Light theme in these dark days: Apocalypse.
My favorite definition of (natural) science is the answer to the question: What happens next? From weather reports to RIVM forecasts, we see how science attempts to predict the near future based on knowledge of the present.
The existence of such a crystal ball is a hard-earned idea. Perhaps the greatest scientific discovery of all was the idea of natural laws by Galileo, Newton, and others in the seventeenth century. Fixed rules molded into mathematical formulas that reality must strictly adhere to. Unlike traffic or tax laws, natural laws don’t have loopholes that an easy type can slip through.
Thus, science has become a large prediction machine with inputs and outputs. You enter the current state of the world, turn the sports gear knob and the answer appears: the state after a while. No need for outside interventions, just a matter of accurate calculation. Over the centuries, the machine metaphor has shifted from a mechanical clock mechanism to an electronic computer to artificial intelligence – we live in a simulation! – But the inevitable worldview remained.
The machine explodes
But does this prediction machine work in all circumstances? Not every input gives a legitimate output automatically. The existence of natural laws does not preclude the possibility of a “singularity”, a solution that loses meaning at some point, for example because a variable becomes infinitely large. There may be an initial case where the machine “explodes” trying to predict the future.

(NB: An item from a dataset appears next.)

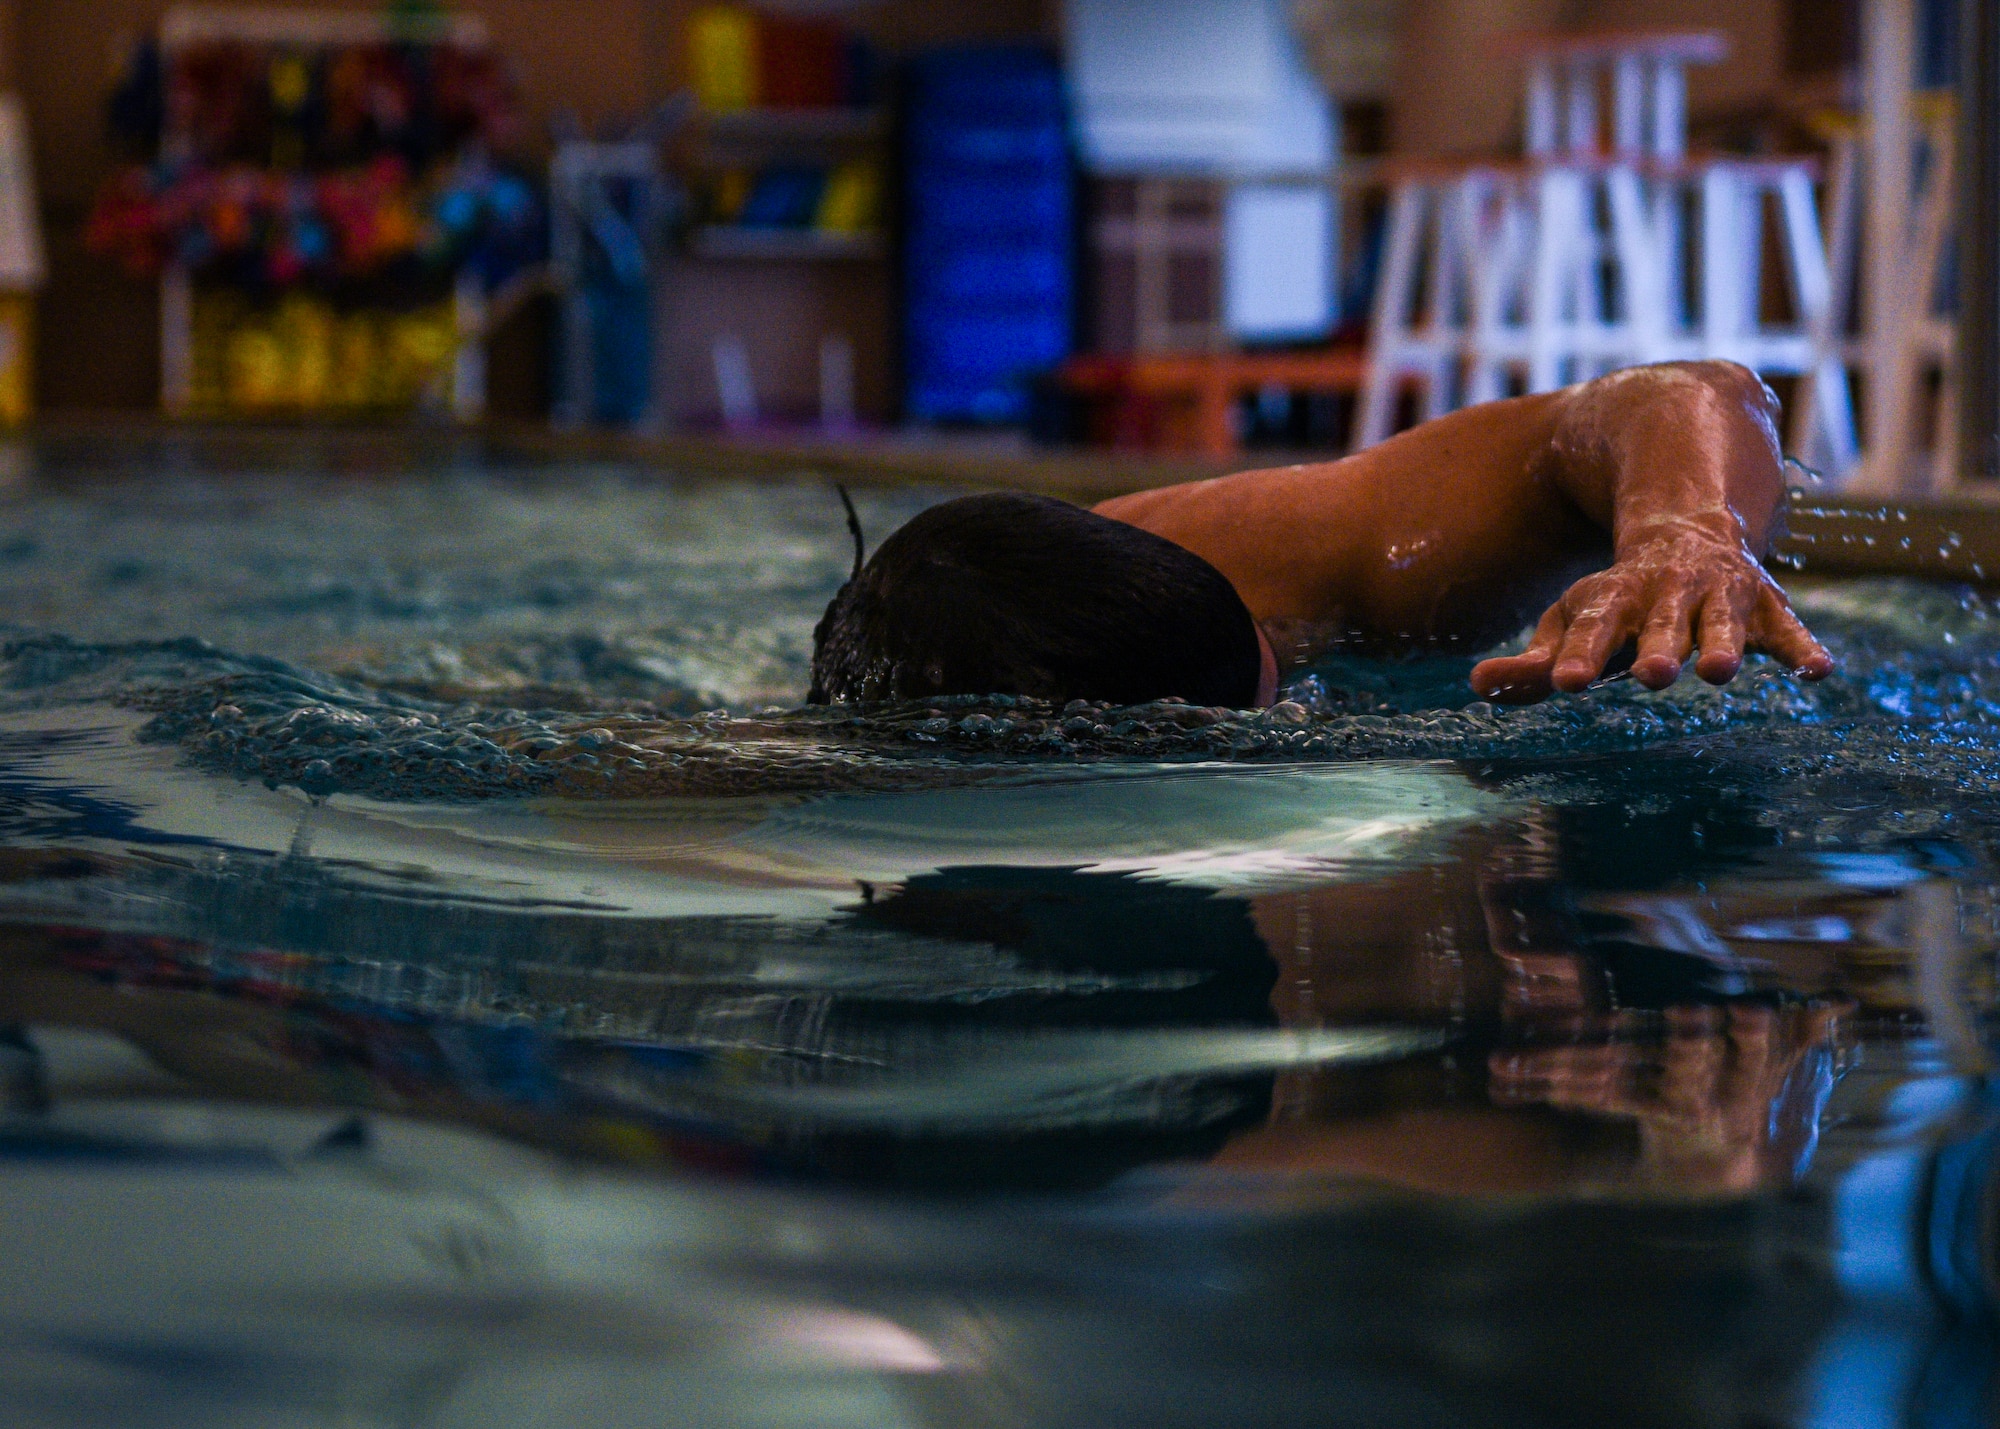 Major Richard Bottinelli, 90th Force Support Squadron operations officer, swims at the Aquatic Center pool at F.E. Warren Air Force Base, Wyo., July 17, 2019. Bottinelli trained for months to compete in a bodybuilding competition in Orlando, Fla. (U.S. Air Force photo by Staff Sgt. Ashley N. Sokolov)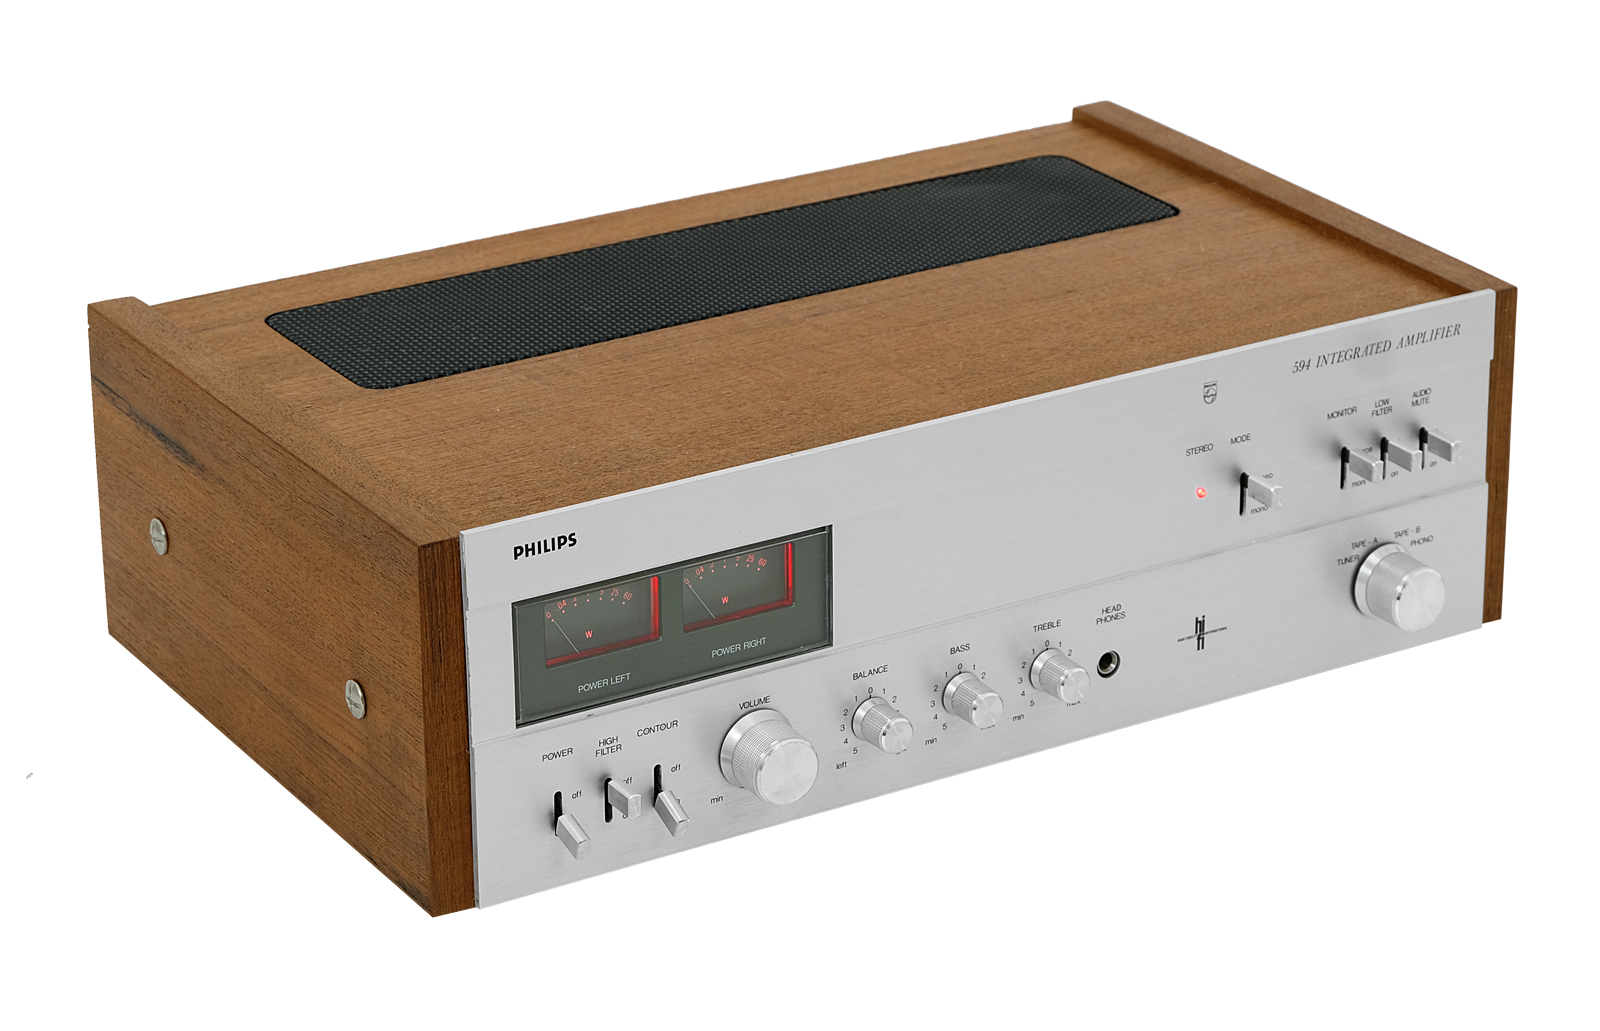 Philips 594 Integrated Amplifier

For example, Newton’s laws of celestial mechanics essentially allow a planet to be pushed into the farthest corner of the universe. The issue of the stability of the solar system was an existential problem in the nineteenth century. Regardless of the practical concerns of such a planetary launch, it would mean the collapse of science itself. Time to study the machine manual.
The solution came from the French mathematician Henri Poincaré. In 1890 he showed that the answer depends critically on the details of the initial state. In general, the solar system is stable – which is very reassuring – but it is not so in exceptional circumstances. His work is now seen as the birth of chaos theory.
The discovery of the atom at the beginning of the twentieth century brought another potential catastrophe, now in the microcosm. This time, the stability of the matter was called into question. The atoms were then envisioned as miniature solar systems in which electrons orbited around a nucleus. Since these particles are electrically charged, they lose energy through radiation and then collide with the nucleus.
The same dilemma arose on a larger scale. A piece of matter, eg the chair you’re sitting in, is easily made up of a trillion times a trillion atoms. This is a huge group of negatively charged electrons and a positively charged atomic nucleus, which attract each other and repel each other via electric forces. Why don’t all these particles clump together in a big pile and destroy all the same matter in a gigantic explosion? How can you sit quietly on such an atomic house of cards?
In the end, quantum theory provided the solution. An improved system of the laws of nature – for example, a glass sphere 2.0 – explicitly prevents particles from falling into each other’s arms via the so-called Pauli principle, discovered by Austrian physicist Wolfgang Pauli. Only in this way can we understand why matter is stable and things are as big as they are.
Are we finally free of singularities? Is the prediction machine running smoothly now? Unfortunately, there is one last disaster to worry about. The empty space itself turned out to be untrustworthy. Vacuum is one of the most exciting things in modern physics and it is not empty. Quantum theory has a policy of tolerance that allows all kinds of processes if they happen fast enough before they can be observed. This makes the empty space a playful mess in which the smallest particles secretly play tricks. There is a possibility that this virtual card house is a “pseudo” space. The details depend on the exact properties of the particles that we know only in part.
At some point, nature may realize that things are not what they seem and still move into the “real” void. The word “singularity” hardly does justice to the enormity of that drama. This apocalypse is nothing short of the end of reality. A new world will take shape. No form of matter, not even space and time, will survive this transition.
There is little consolation. Even in the worst case scenario, the apocalypse will take some time. Soon it’s a googol year, 1 has a hundred zeros.
Until then, we have other concerns.
Robert Decgrave Director of the Institute for Advanced Study at Princeton.